5.3 Adaptive learning

Human learning can be considered as the repetition of the following process: Given a new problem, a human first monitors his/her performance, recognises a deficiency, and uses knowledge that he/she already owns to overcome the deficiency. By repeating this, the human can accumulate knowledge for solving diverse problems. Metacognition is a discipline to explore the process of how a human addresses a problem [3]. Assuming a cognitive system which simulates a functionality of the human mind, metacognition aims to monitor, model and control the behaviour of that system to effectively solve a problem. We position adaptive learning as metacognition for LSMR. Specifically, one LSMR method consists of various processes such as feature extraction, classifier construction, parameter tuning, training example collection, and so on. We define adaptive learning as methods which enhance or optimise one or more of the above mentioned processes based on knowledge about human learning. Below, we present two types of adaptive learning, explanatory feedback and curriculum learning.

  1. 1.

    Explanatory feedback: The traditional RF (or active learning) relies on the very restrictive communication between a classifier and a user, where the latter only informs the former of whether an example is relevant or irrelevant to a certain meaning (see Section 4.3). In the real world, a teacher makes much complex communication with a leaner. In particular, if the learner makes a mistake, the teacher tells him/her the reason for it.

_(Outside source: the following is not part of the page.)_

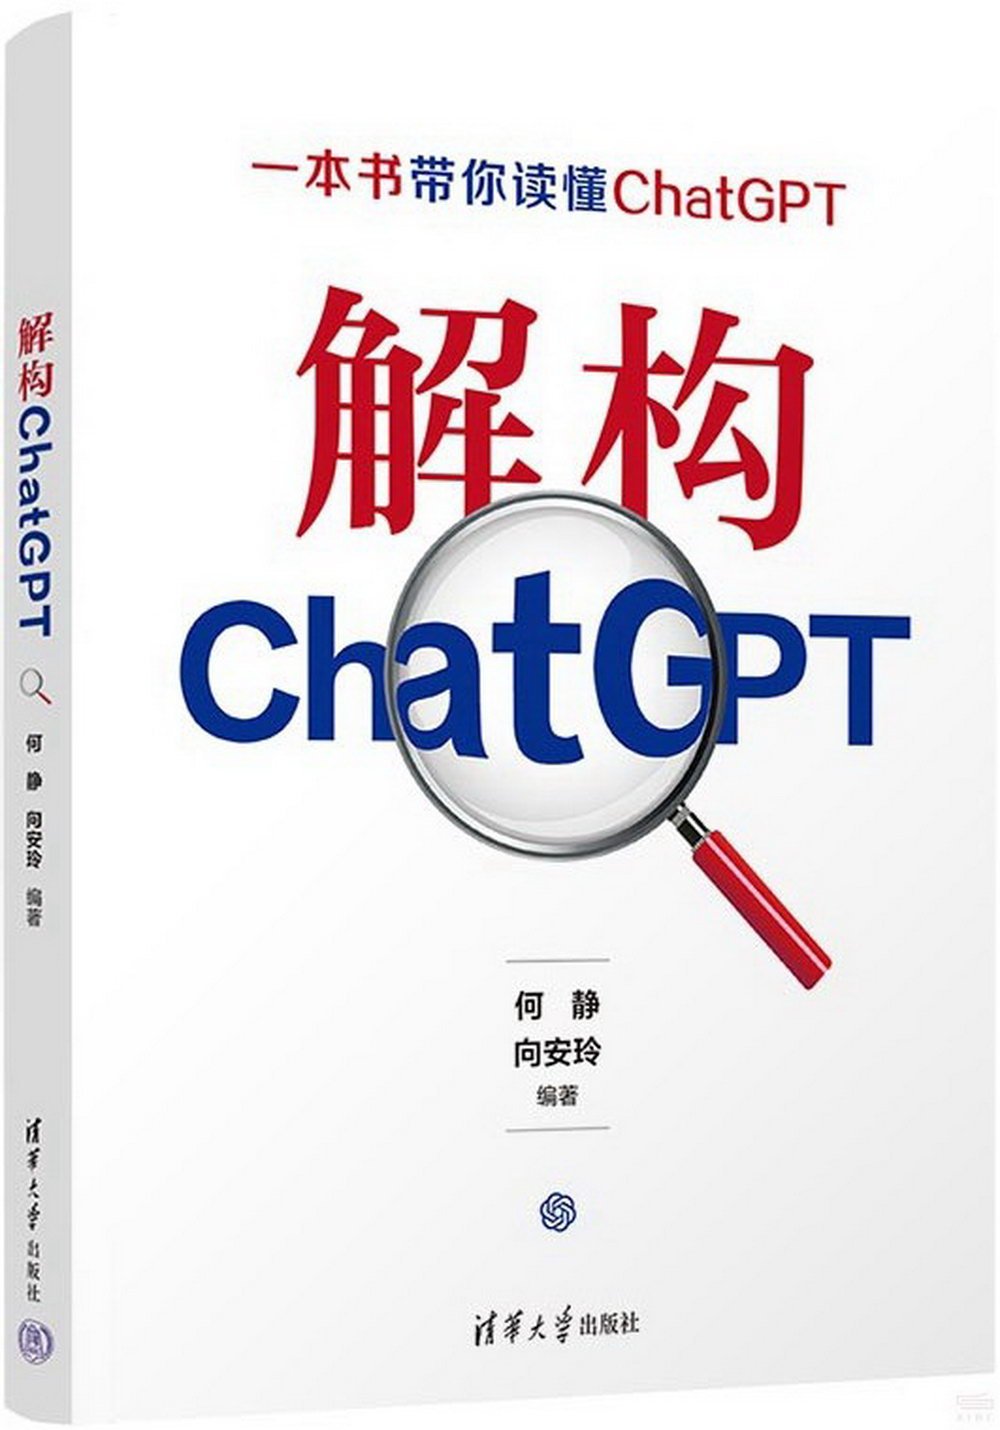 解構ChatGPT

    Based on this idea, Parkash and Parikh extended RF to Explanatory Feedback (EF), where if an example that a classifier selects as relevant to a meaning is judged to be irrelevant by a user, he/she can explain the reason for this mis-classification [88]. For example, if an example showing Forest is mis-classified as Street by the classifier, the user can explain “this example is too natural to be a Street”. EF is based on attributes with which an example is represented using responses of attribute classifiers (see Section 5.1.1). Since attributes are semantically meaningful descriptions, they can be used as a language between the classifier and the user to realise their complex communication. Especially, the irrelevance (negative) label assigned to the mis-classified example can be propagated to examples which contain the attribute explained by EF. In the above mentioned case, if examples have higher responses for the attribute “natural” than that of the mis-classified example, they are also regarded as irrelevant to Street. Like this, multiple negative examples are obtained only with one feedback, so that the classifier performance can be effectively improved. It was demonstrated that EF yields similar classifier performance only with one-fifth of iterations required in RF [88]. This method has been further improved by adopting the propagation of weighted irrelevance labels, on-the-fly update of attribute classifiers based on every feedback, and the example selection by estimating the entropy reduction resulting from the label propagation beginning at each example [16].

  2. 2.

    Curriculum learning: Human learning is highly organised based on a curriculum (education system), where children start to learn easier concepts and then build up more complex ones. Based on this, Bengio et al. proposed curriculum learning which builds a classifier by presenting training examples in a meaningful order, starting with easy examples and gradually introducing more difficult ones [12]. It should be noted that curriculum learning is not useful for a classifier with a convex optimisation function like SVM, because the global optimum can be found in any order of training examples. In other words, it aims to find a good local minimum to build a classifier with a non-convex optimisation function. In [12], a two-step curriculum was used for classification of shapes (rectangles, ellipses and triangles). Here, a multi-layer neural network is pre-trained using training examples with less variability in shape (squares, circles and equilateral triangles), and then trained using examples with diverse shape deformation. It was shown that compared to not-using pre-training, the two-step curriculum leads to about 23 % of performance improvement.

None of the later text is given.